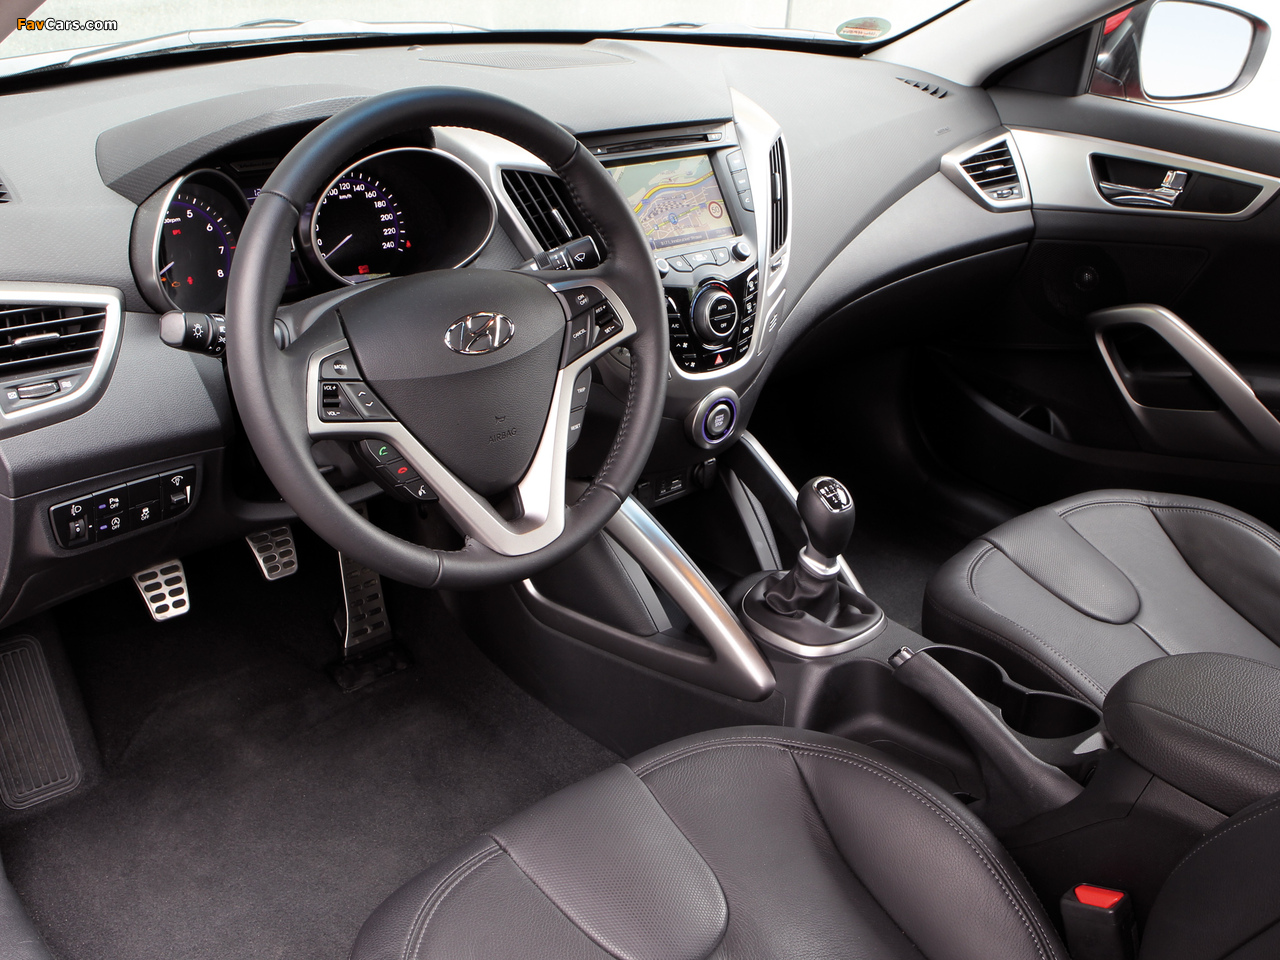 Hyundai Veloster 2011 pictures (1280 x 960)
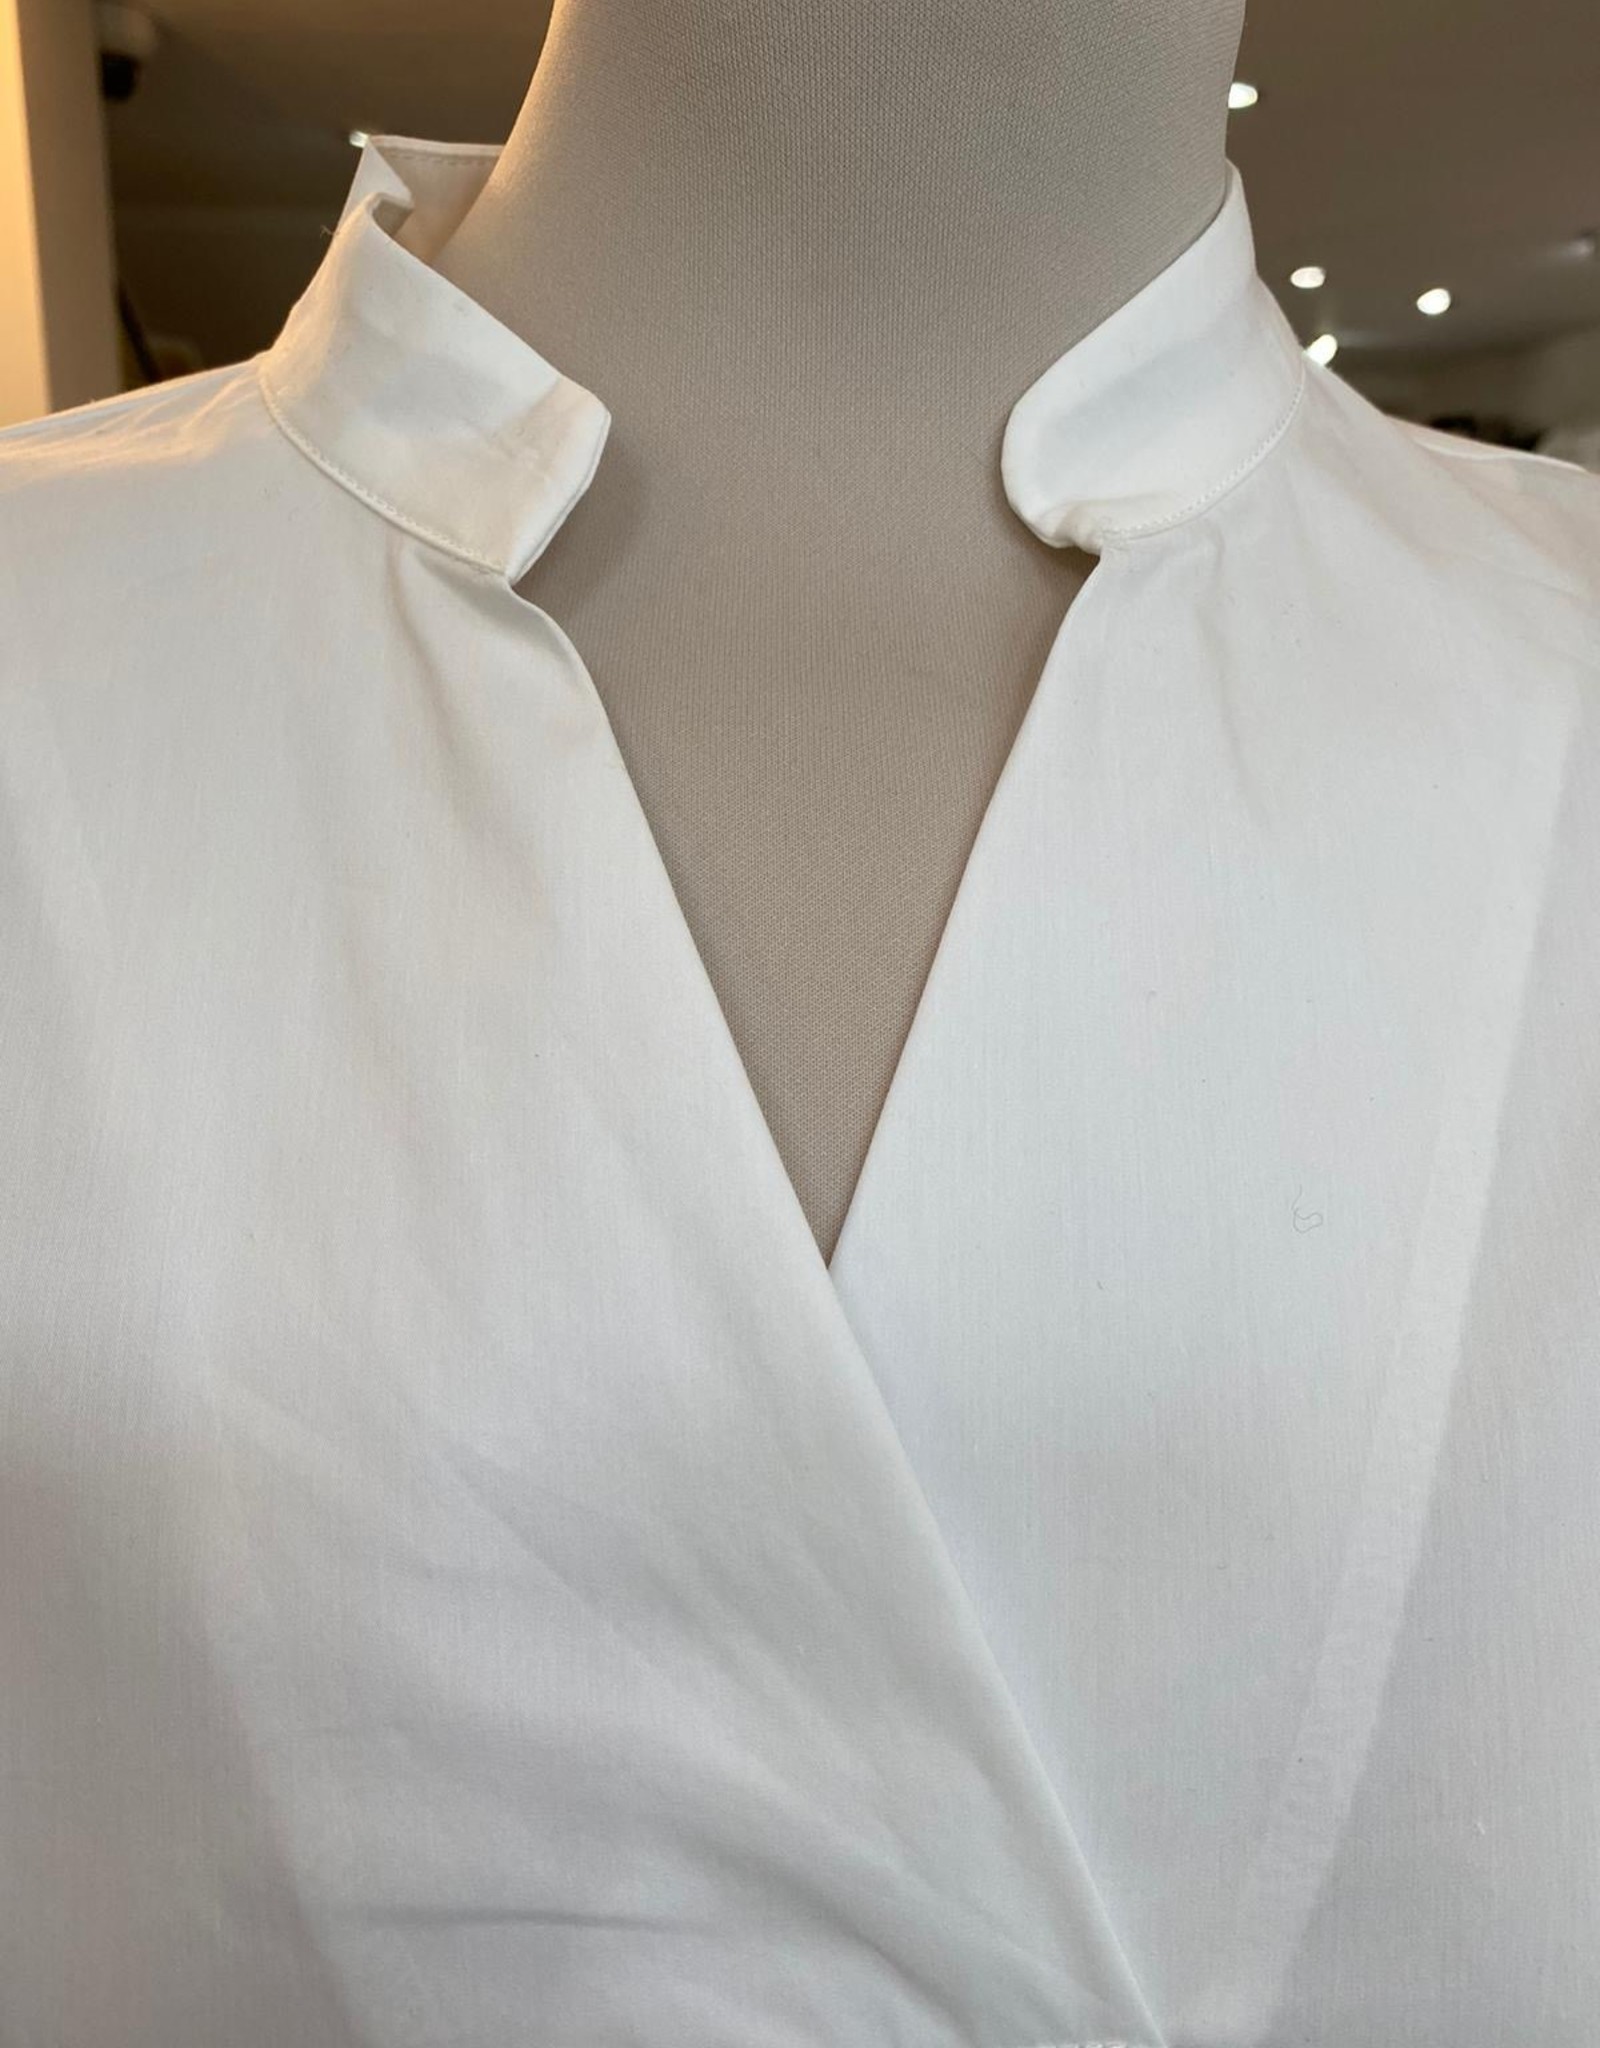 ANONYME (ITALIAN) THAIS ALBA BLOUSE / SS SHIRT  P260ST113 FROM ANONYME
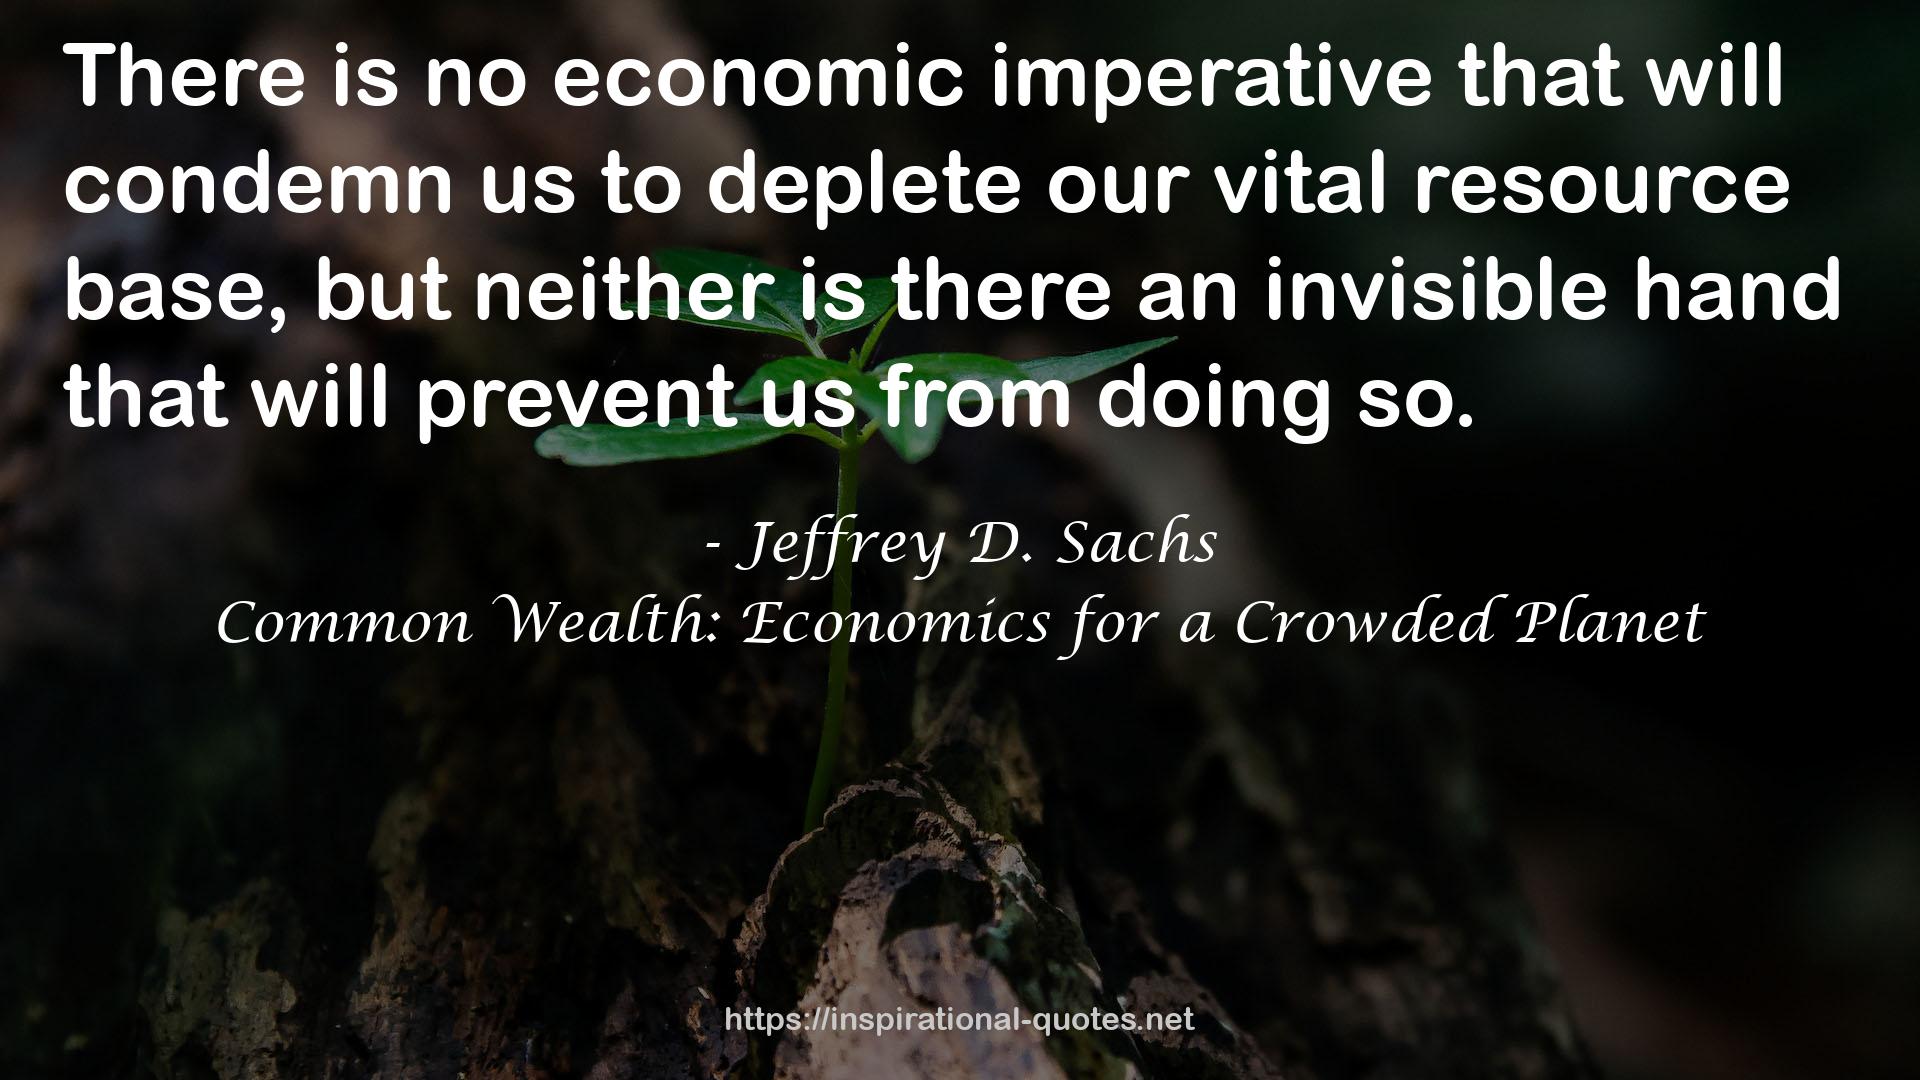 Common Wealth: Economics for a Crowded Planet QUOTES
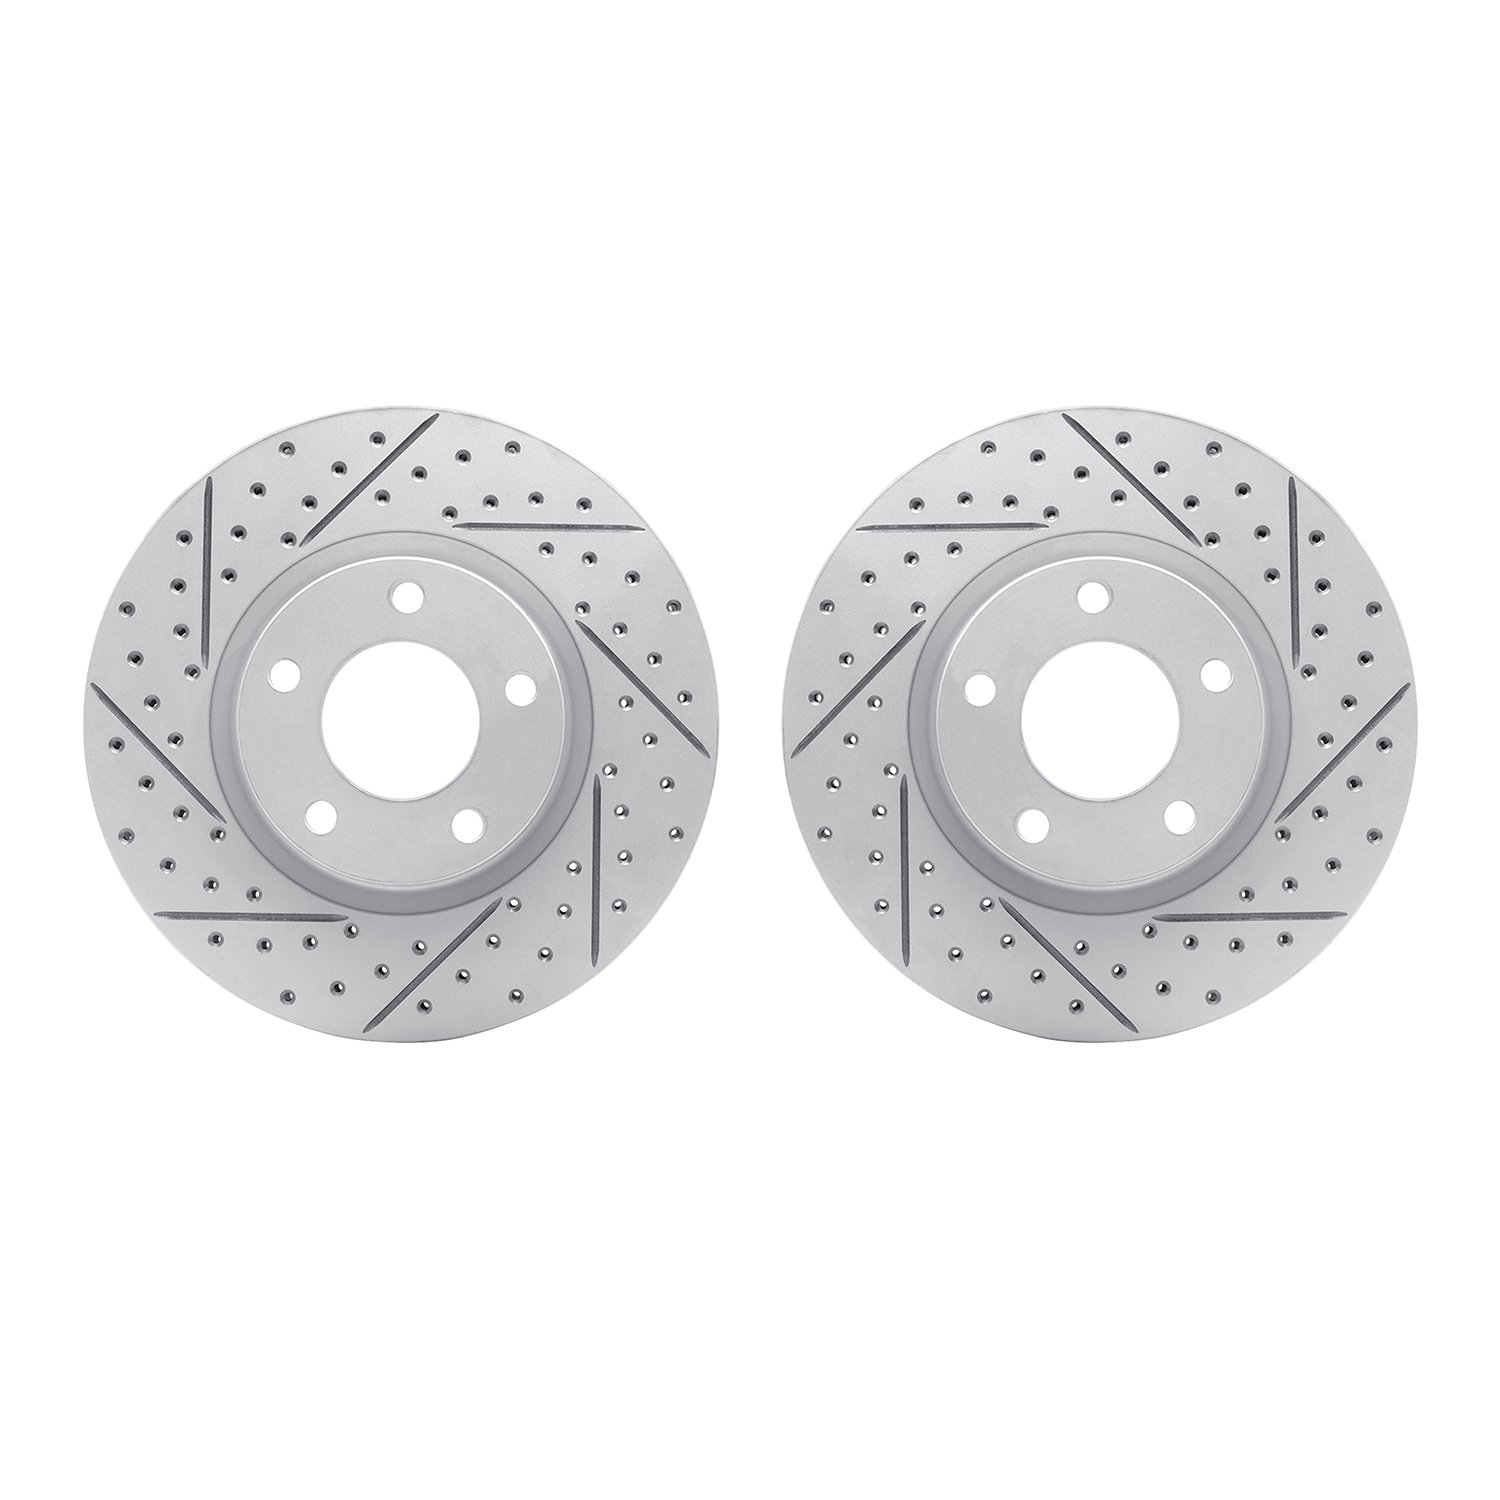 2002-80005 Geoperformance Drilled/Slotted Brake Rotors, 2004-2015 Ford/Lincoln/Mercury/Mazda, Position: Front

== ACTION ITEM ==
The answer should consist only of the lines from the line with "Common Wealth: Economics" through the last line of the data, repeated exactly; pictures stay out.

== RESULT OF THIS TASK ==
 Common Wealth: Economics for a Crowded Planet QUOTES
 2002-80005 Geoperformance Drilled/Slotted Brake Rotors, 2004-2015 Ford/Lincoln/Mercury/Mazda, Position: Front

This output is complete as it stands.